> _Collected data_
*****

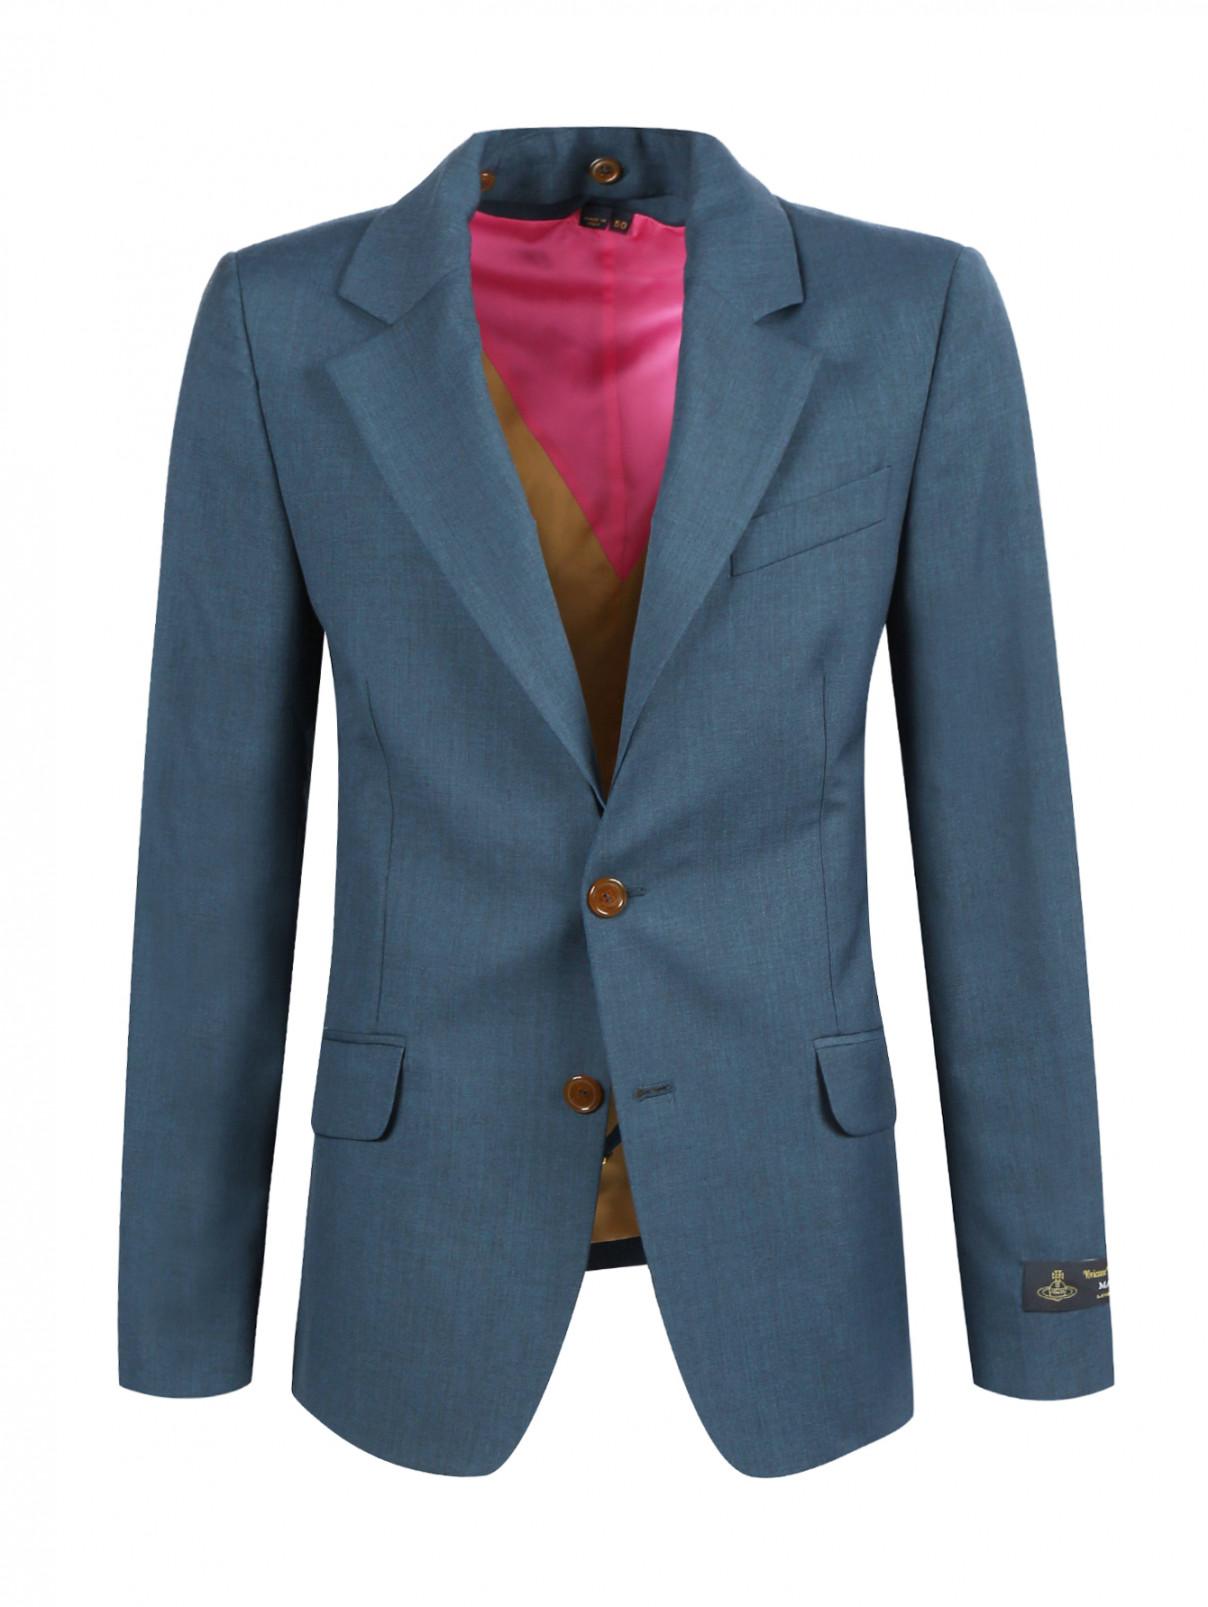 Однобортный пиджак из шерсти со съемными лацканами Vivienne Westwood  –  Общий вид  – Цвет:  Синий
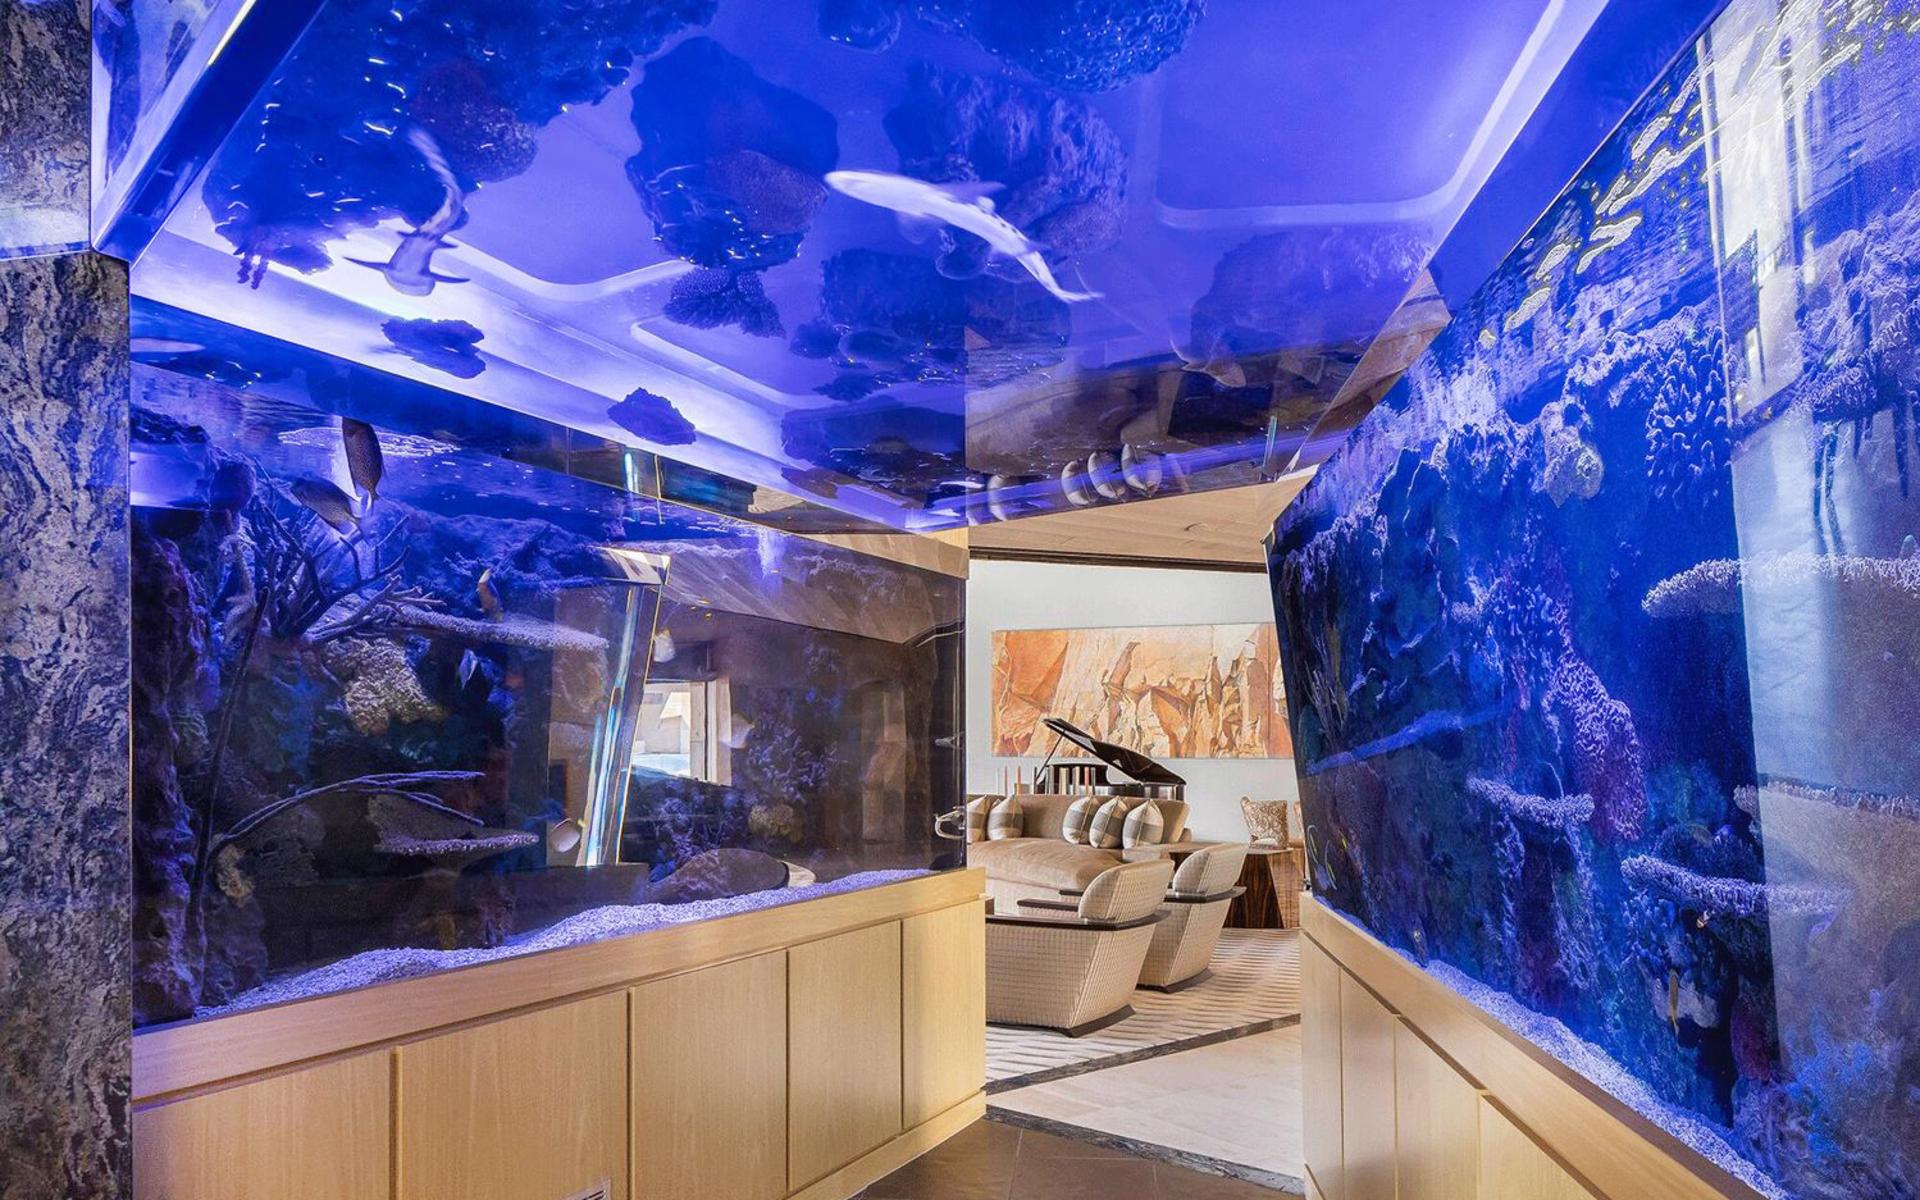 Det måste vara ovanligt med en akvarietunnel med hajar och exotiska fiskar i ett privat hus.
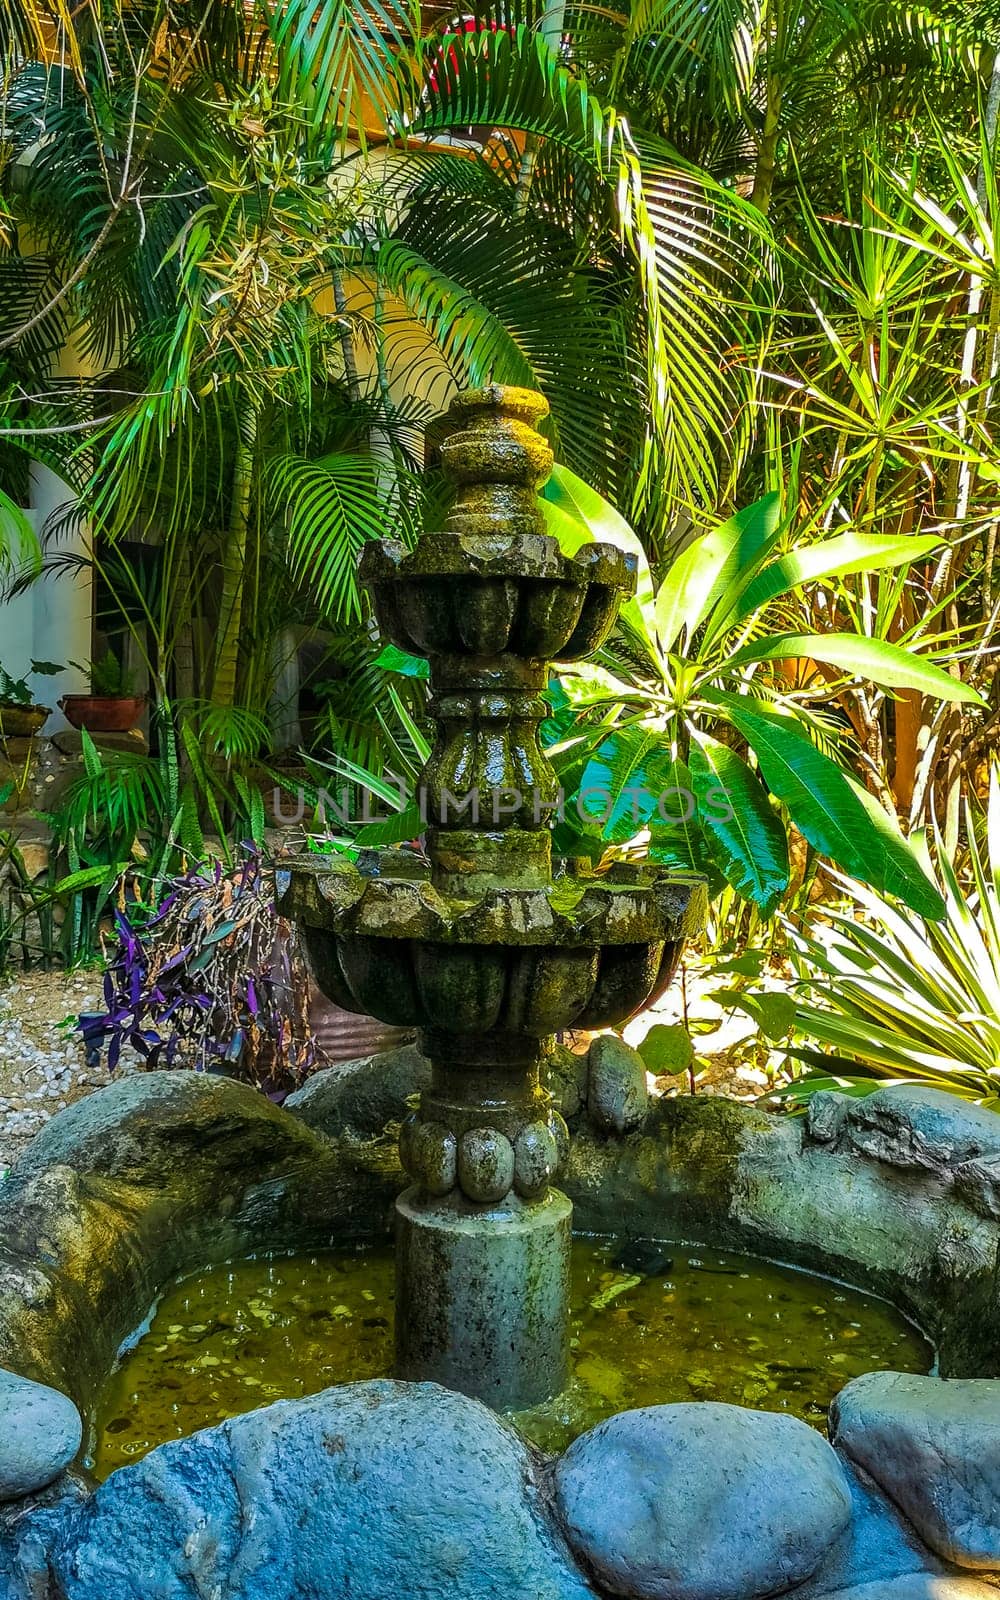 Nostalgic green fountain in the garden Puerto Escondido Mexico. by Arkadij

*****

> _What needs to be done_
Print the material again, unchanged, without its pictures.

> _Answer space_
 Однобортный пиджак из шерсти со съемными лацканами Vivienne Westwood  –  Общий вид  – Цвет:  Синий
 Det måste vara ovanligt med en akvarietunnel med hajar och exotiska fiskar i ett privat hus.
 Nostalgic green fountain in the garden Puerto Escondido Mexico. by Arkadij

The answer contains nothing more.